Vibration Characteristics of Functionally Graded Micro-Beam Carrying an Attached Mass

In this article, in reference to the modified couple stress theory and Euler-Bernoulli beam theory, the free lateral vibration response of a micro-beam carrying a moveable attached mass is investigated. This is a decent model for biological and biomedical applications beneficial to the early-stage diagnosis of diseases and malfunctions of human body organs and enzymes. The micro-cantilever beam is composed of functionally graded materials (FGMs).
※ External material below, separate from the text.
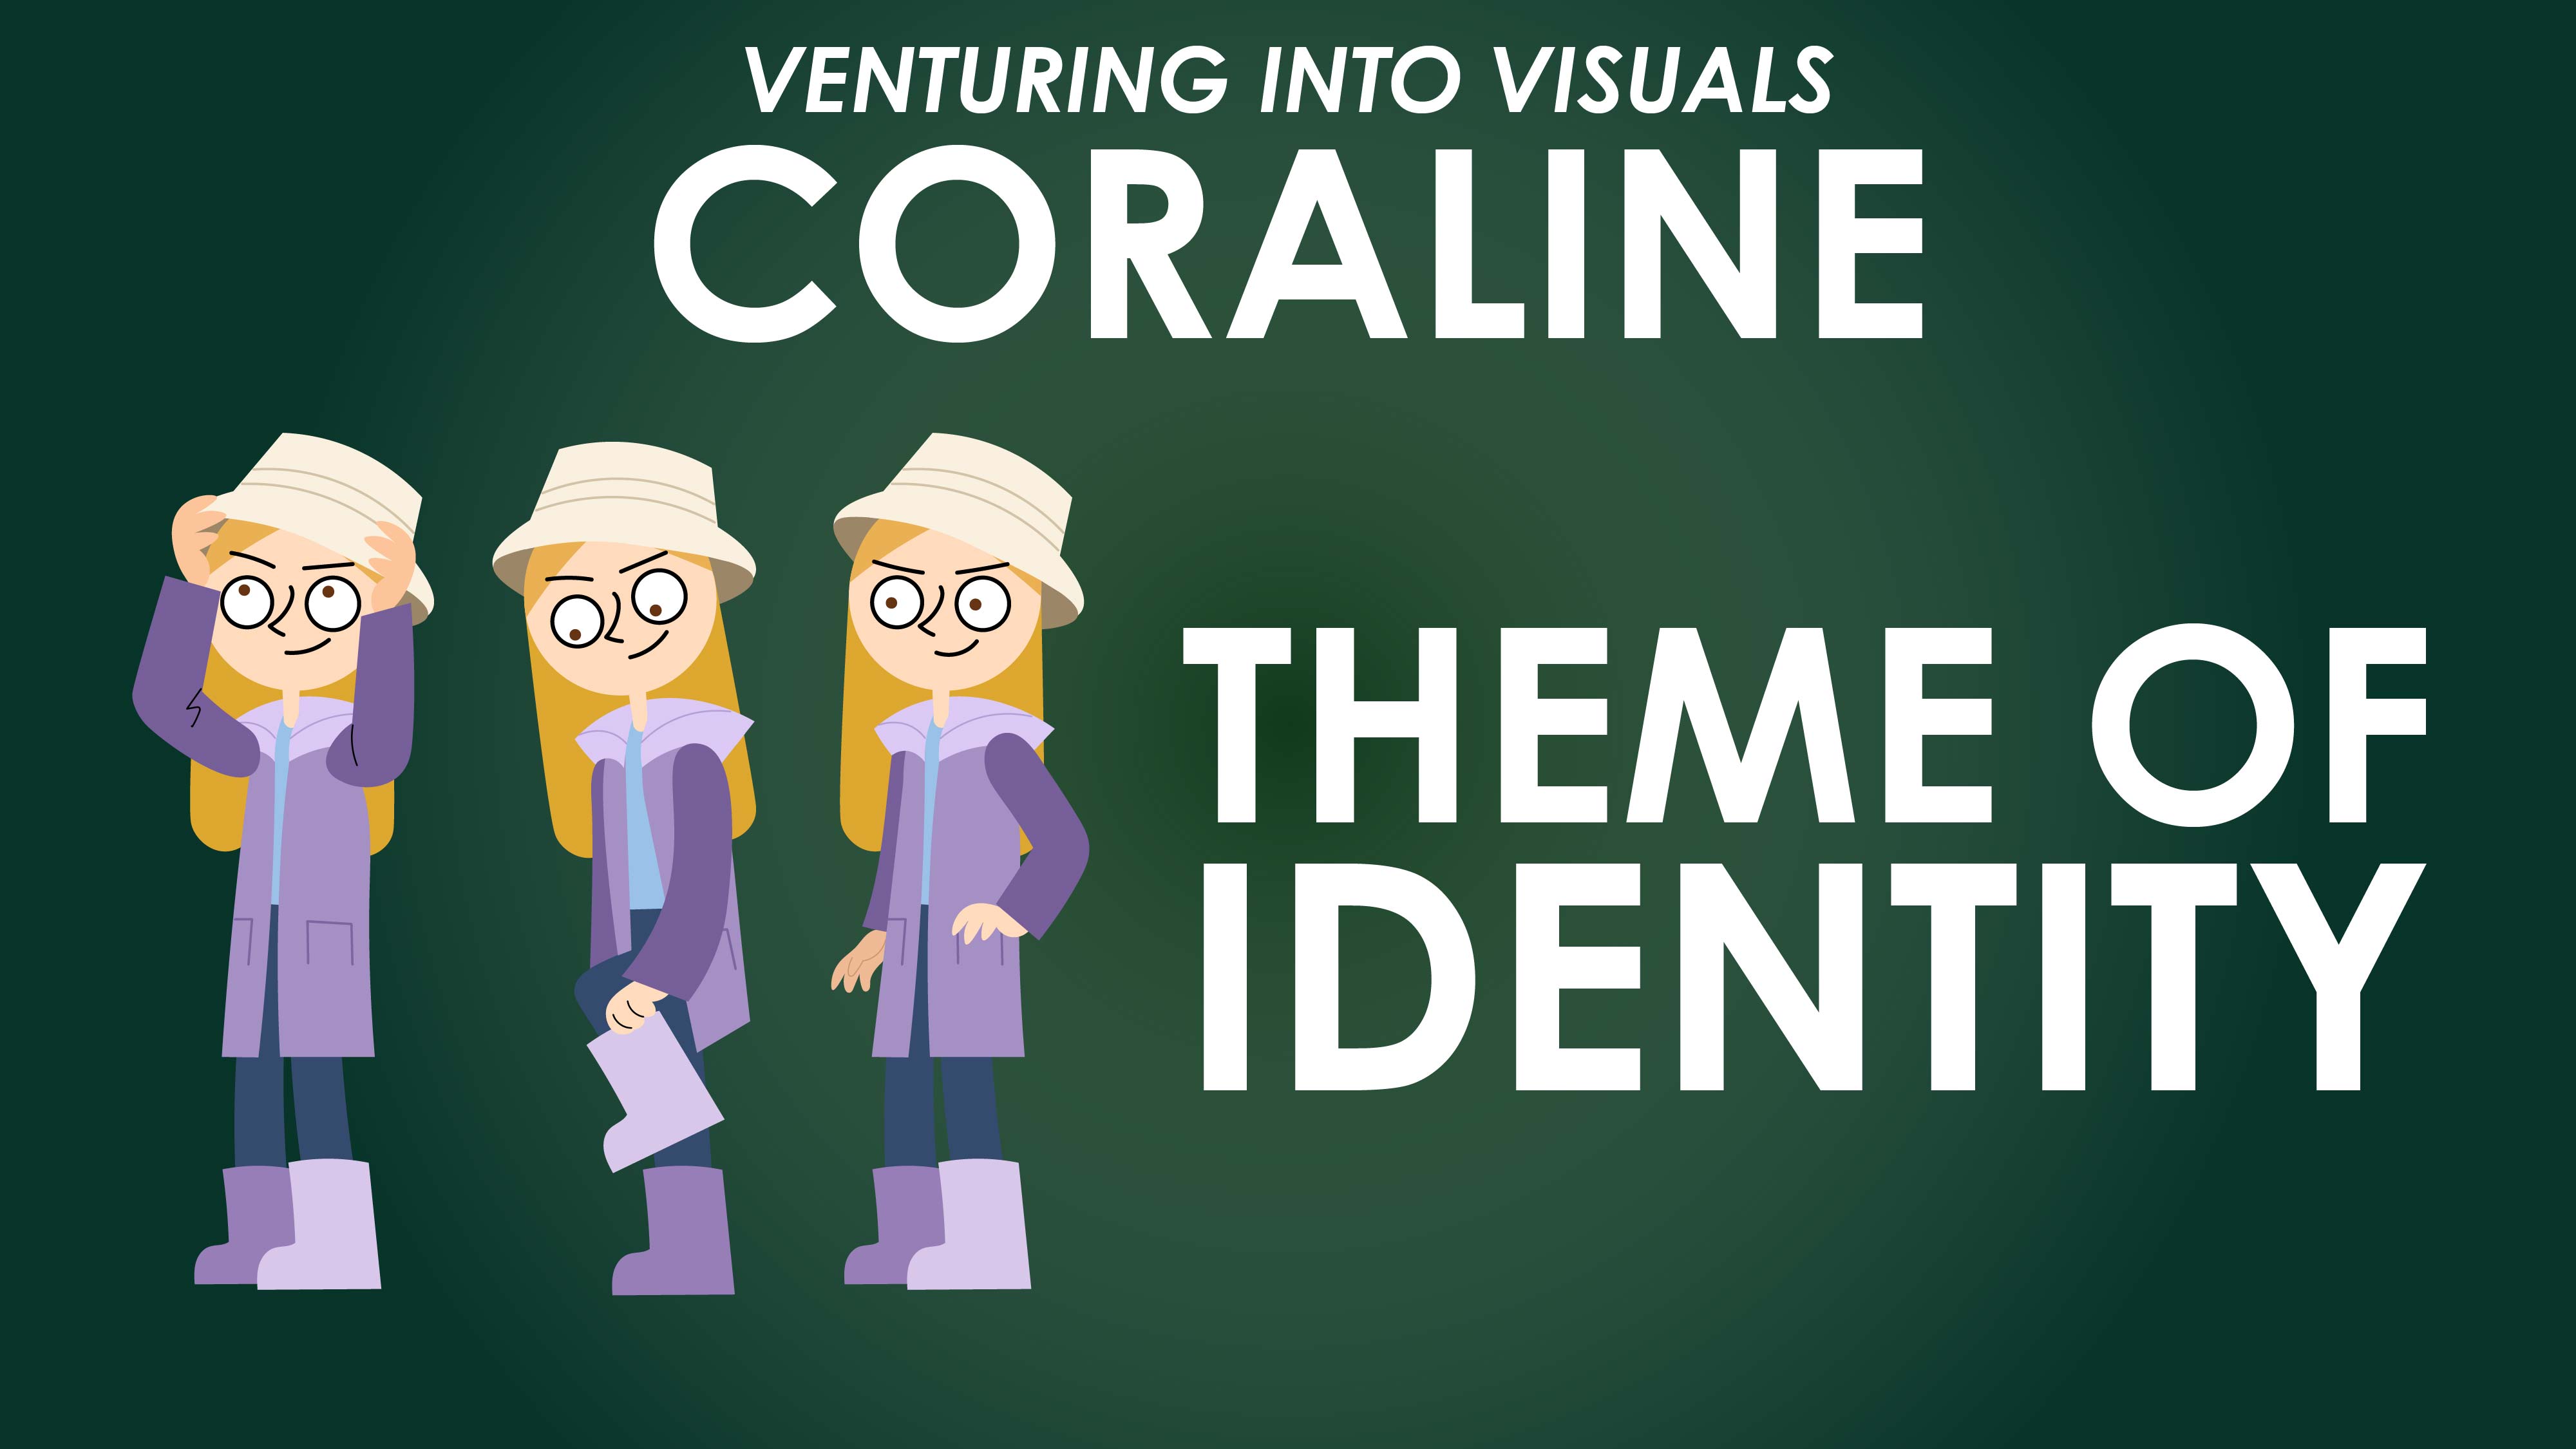 Coraline - Neil Gaiman - Theme of identity - Venturing Into Visuals Series

The material properties are supposed to show variations through-thickness of the beam in consonance to the power of law. Rayleigh-Ritz method is applied in order to explore the natural frequencies of the first three vibration modes. In order to manifest the accuracy of the proposed method, the results are established and juxtaposed with technical literature. Influences of the material length-scale parameter that captures the size-dependency, ratio of the mass of the beam to the mass of the attached mass and power index of the graded material consequent to the vibrational behavior of the system are contemplated. This technical research denotes the value of the material gradation besides to the inertia of an attached mass in the dynamic behavior of the bio-micro-systems. As a result, the adoption of suitable power index, mass ratio and position of the attached mass lead to the superior design of bio-micro-systems persuading early-stage diagnostics.